EECS Seminar: Compiler Support for Structured Data

McDonnell Douglas Engineering Auditorium
Saman Amarasinghe, Ph.D.

Department of Electrical Engineering and Computer Science 
Massachusetts Institute of Technology

Abstract: FORTRAN, the first programming language introduced over a half a century ago, ushered in the era of multidimensional dense arrays commonly referred to as dense tensors. Since then, the programming world has evolved to introduce a plethora of data structures ranging from lists and sets to trees and graphs. Yet, when it comes to handling immense data sets, dense tensors remain a practical mainstay. But here's the twist: most modern tensor data isn't dense. Whether originating from sensors, computational processes or human input, a significant portion of real-world data embodies innate structures such as sparsity, repeated value sequences or symmetry. These characteristics are evident in diverse fields like scientific computing, data analytics, graph processing and machine learning.
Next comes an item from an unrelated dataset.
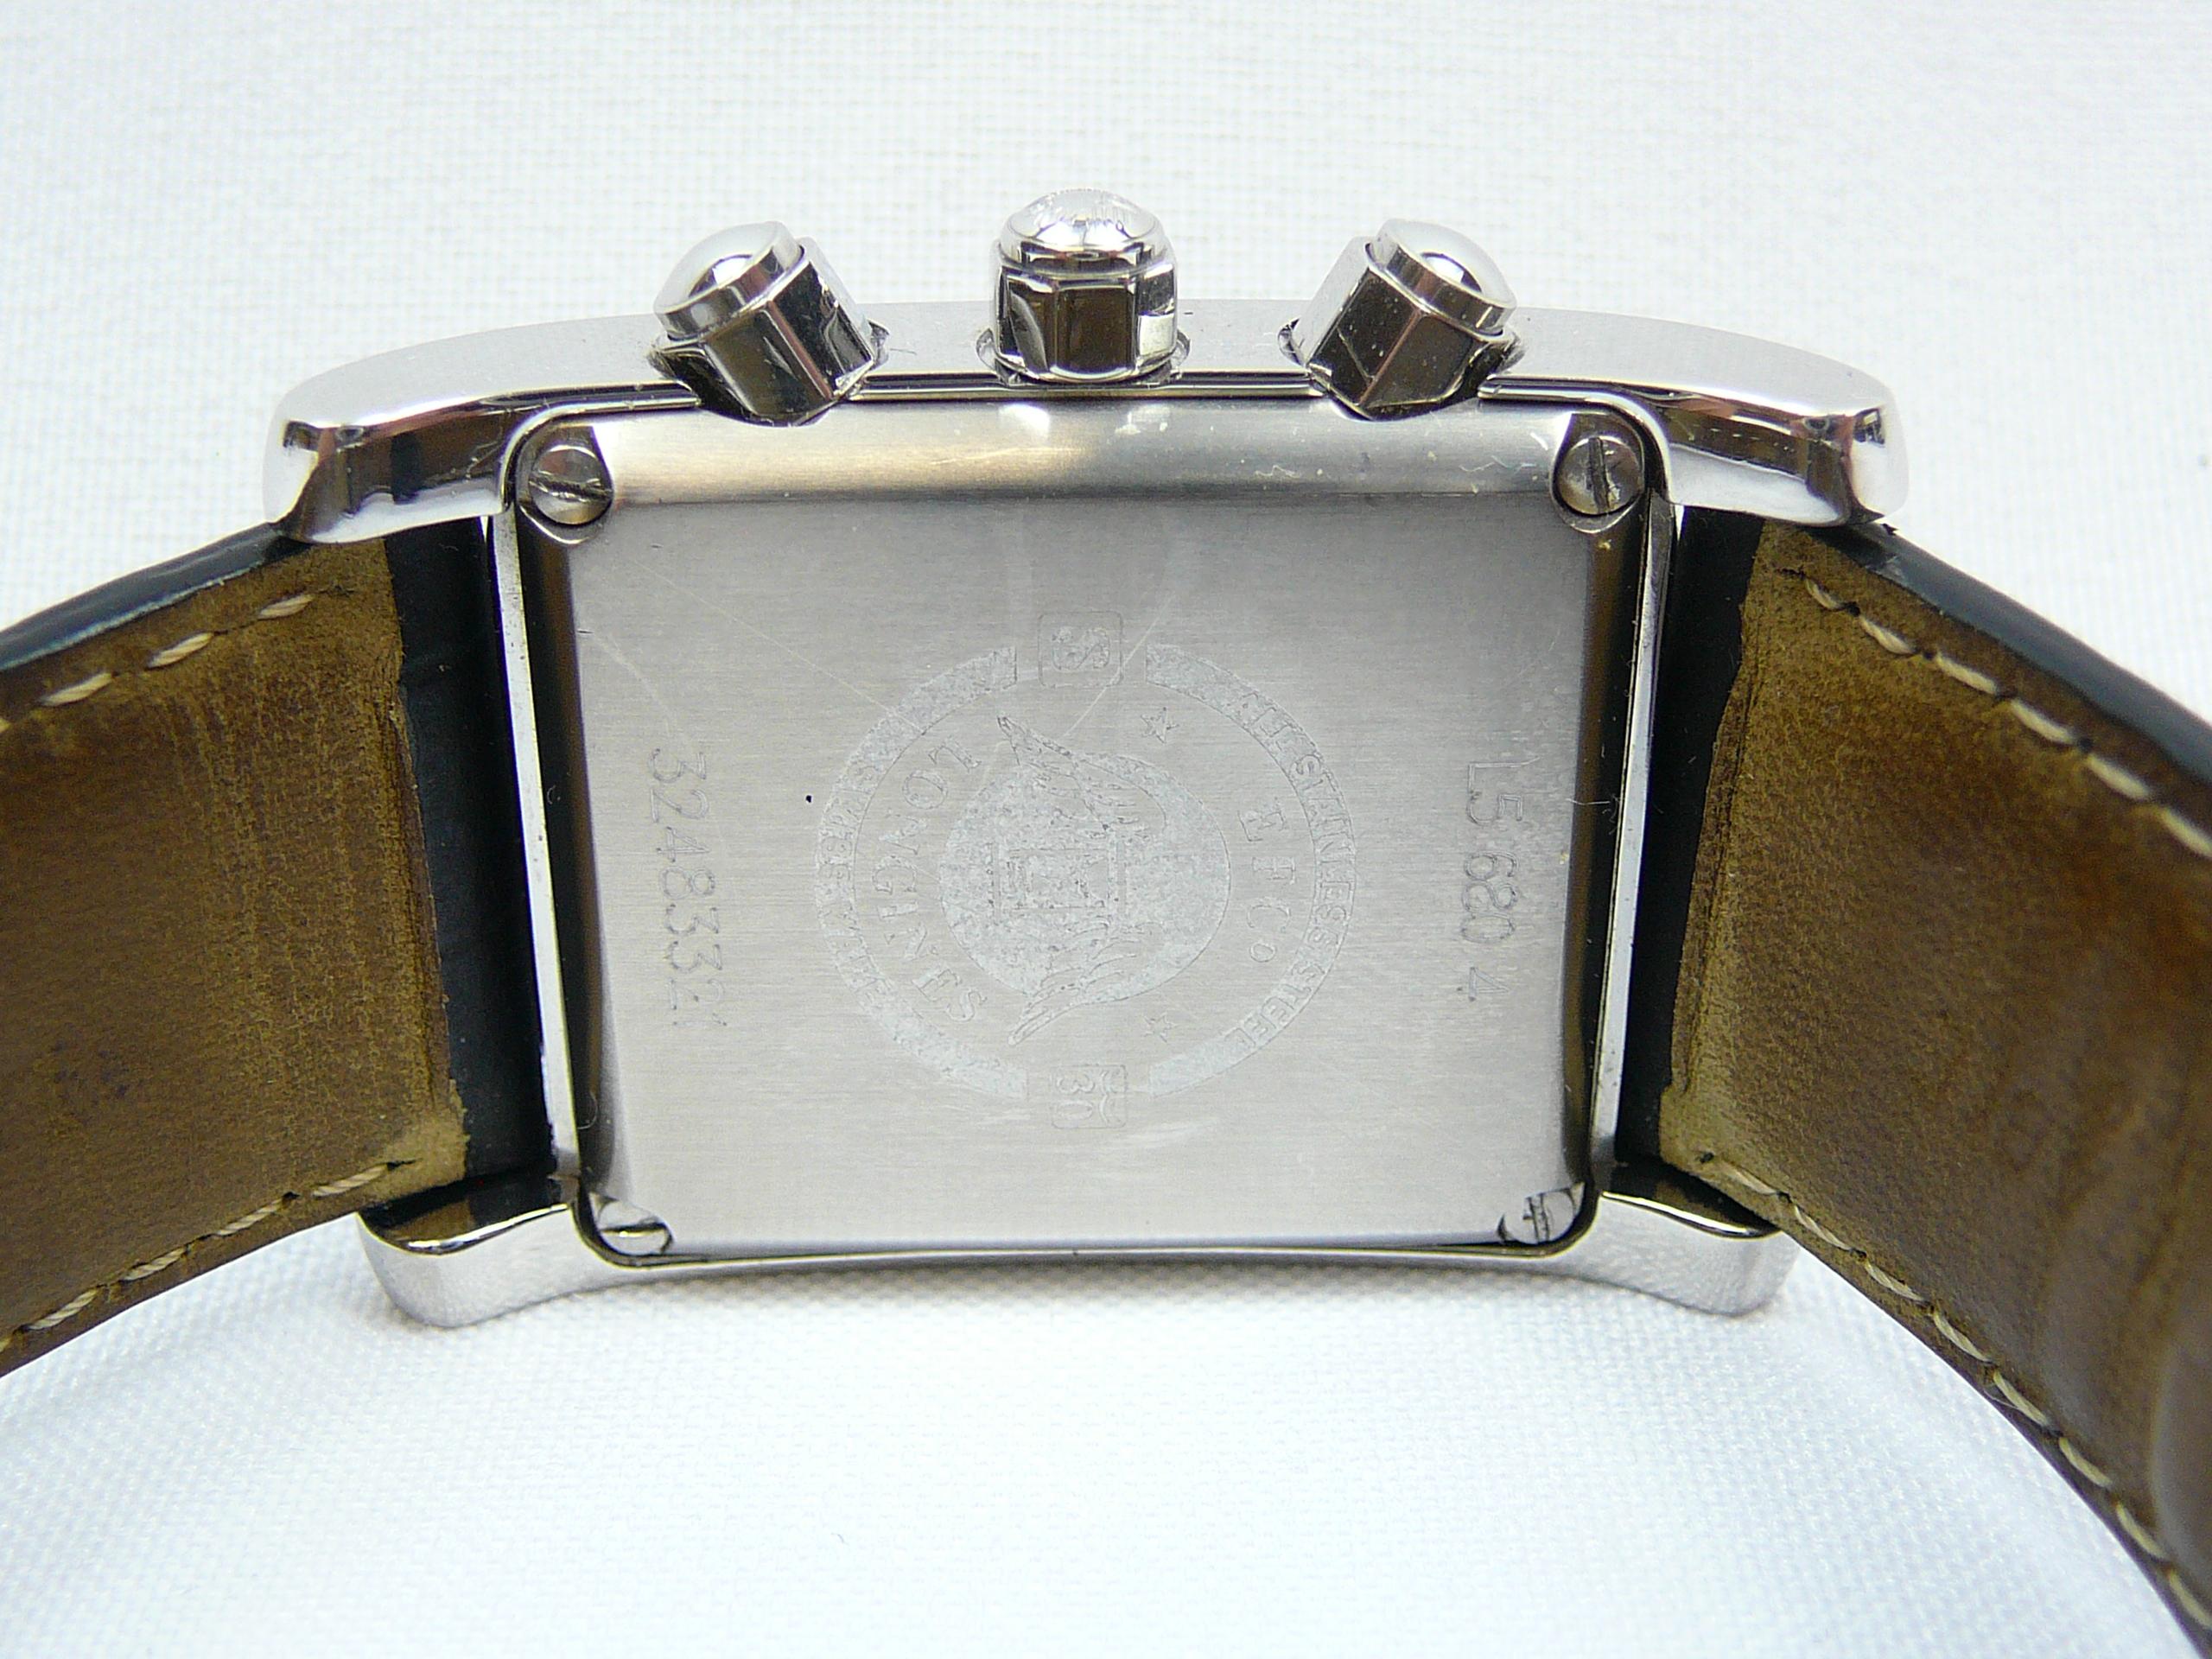 Gents Longines Wrist Watch - Image 4 of 4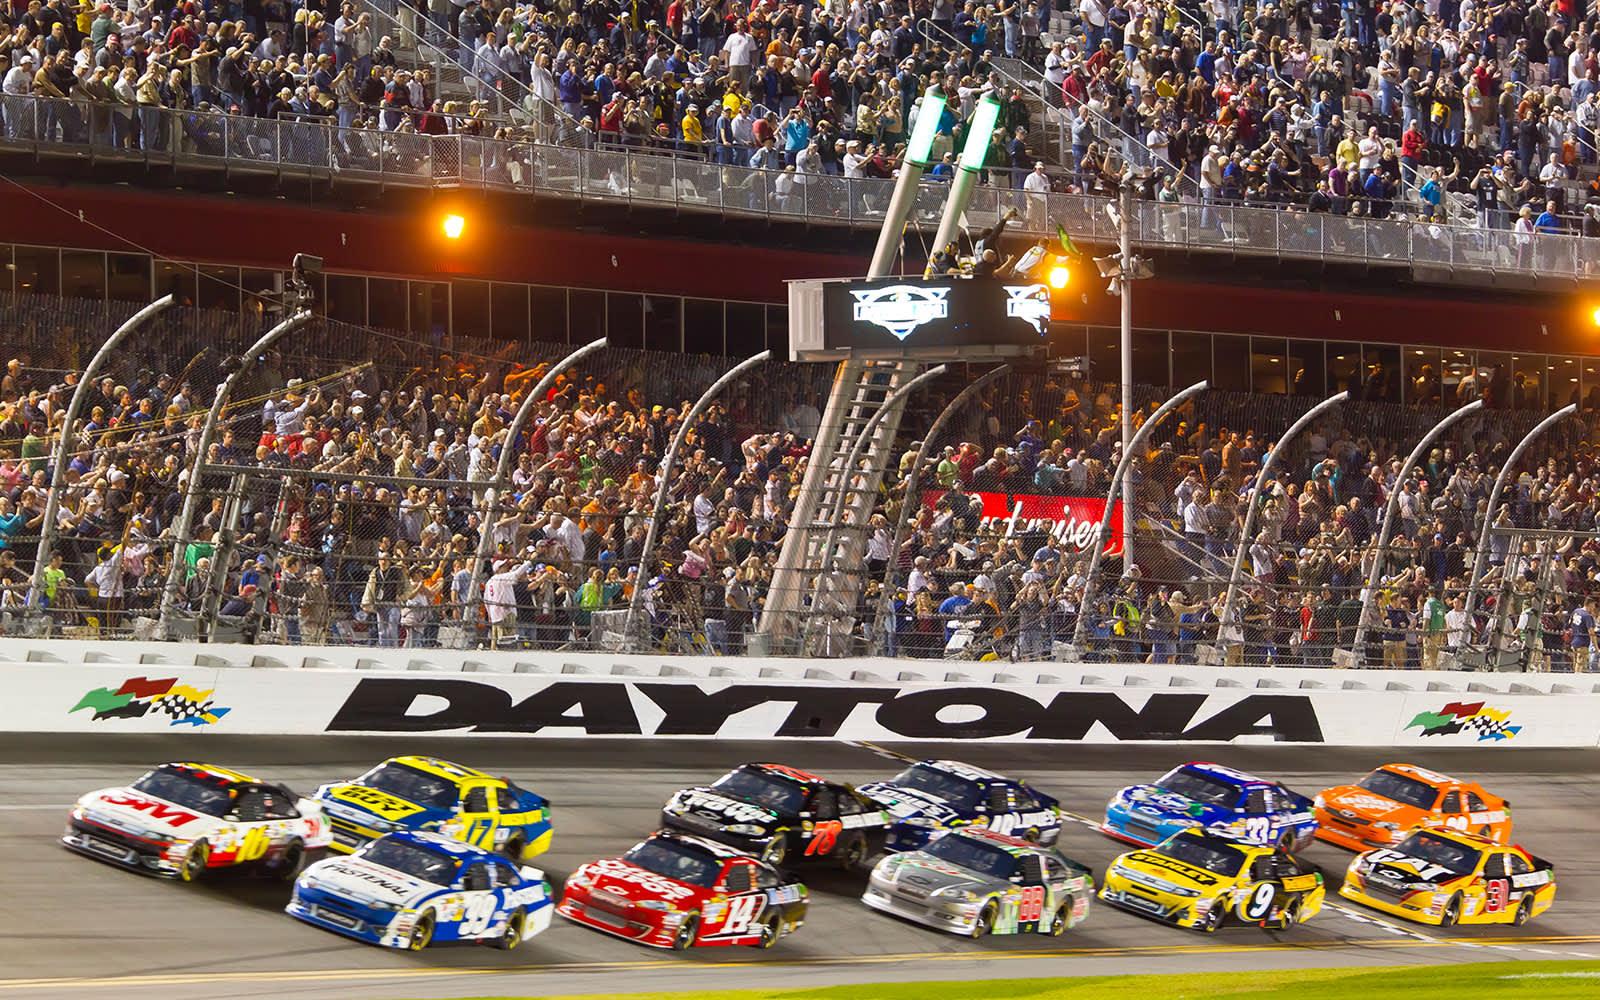 Daytona 500 Special Rates at Florida Resort

In this talk I'll dive deep into how programming languages and compilers are adapting to embrace structured data. I’ll introduce TACO and Finch compilers. TACO pioneered auto-generating of kernels for any sparse tensor algebra operation across prevalent formats. Finch, on the other hand, has seamlessly integrated the management of structured data, capturing nuances like sparsity, repeated values and symmetry. I will demonstrate how to compile compound tensor expressions on structured data into efficient loops in a systematic way and how our compiler's output rivals the performance of top-tier handcrafted codes for matrix and tensor functions. I hope to convince you that we can finally put structured array programming on the same compiler transformation and code generation footing as dense array codes.

Bio: Saman Amarasinghe is a professor in the Department of Electrical Engineering and Computer Science at Massachusetts Institute of Technology and a member of its Computer Science and Artificial Intelligence Laboratory (CSAIL) where he leads the Commit compiler group. Under Amarasinghe's guidance, the Commit group has developed a myriad of pioneering programming languages and compilers including the StreamIt, StreamJIT, PetaBricks, Halide, Simit, MILK, Cimple, TACO, GraphIt, BioStream, CoLa and Seq programming languages and compilers; DynamoRIO, Helium, Tiramisu, Codon and BuildIt compiler/runtime frameworks; Superword Level Parallelism (SLP), goSLP and VeGen for vectorization; Ithemal machine learning based performance predictor; Program Shepherding to protect programs against external attacks; the OpenTuner extendable autotuner; and the Kendo deterministic execution system. Amarasinghe was the co-leader of the Raw architecture project. Beyond academia, he was a co-founder of Determina, Lanka Internet Services Ltd., Venti Technologies, DataCebo and Exaloop corporations. Amarasinghe received his B.S. in electrical engineering and computer science from Cornell University in 1988, and his master's degree and doctorate from Stanford University in 1990 and 1997, respectively. He is an ACM Fellow.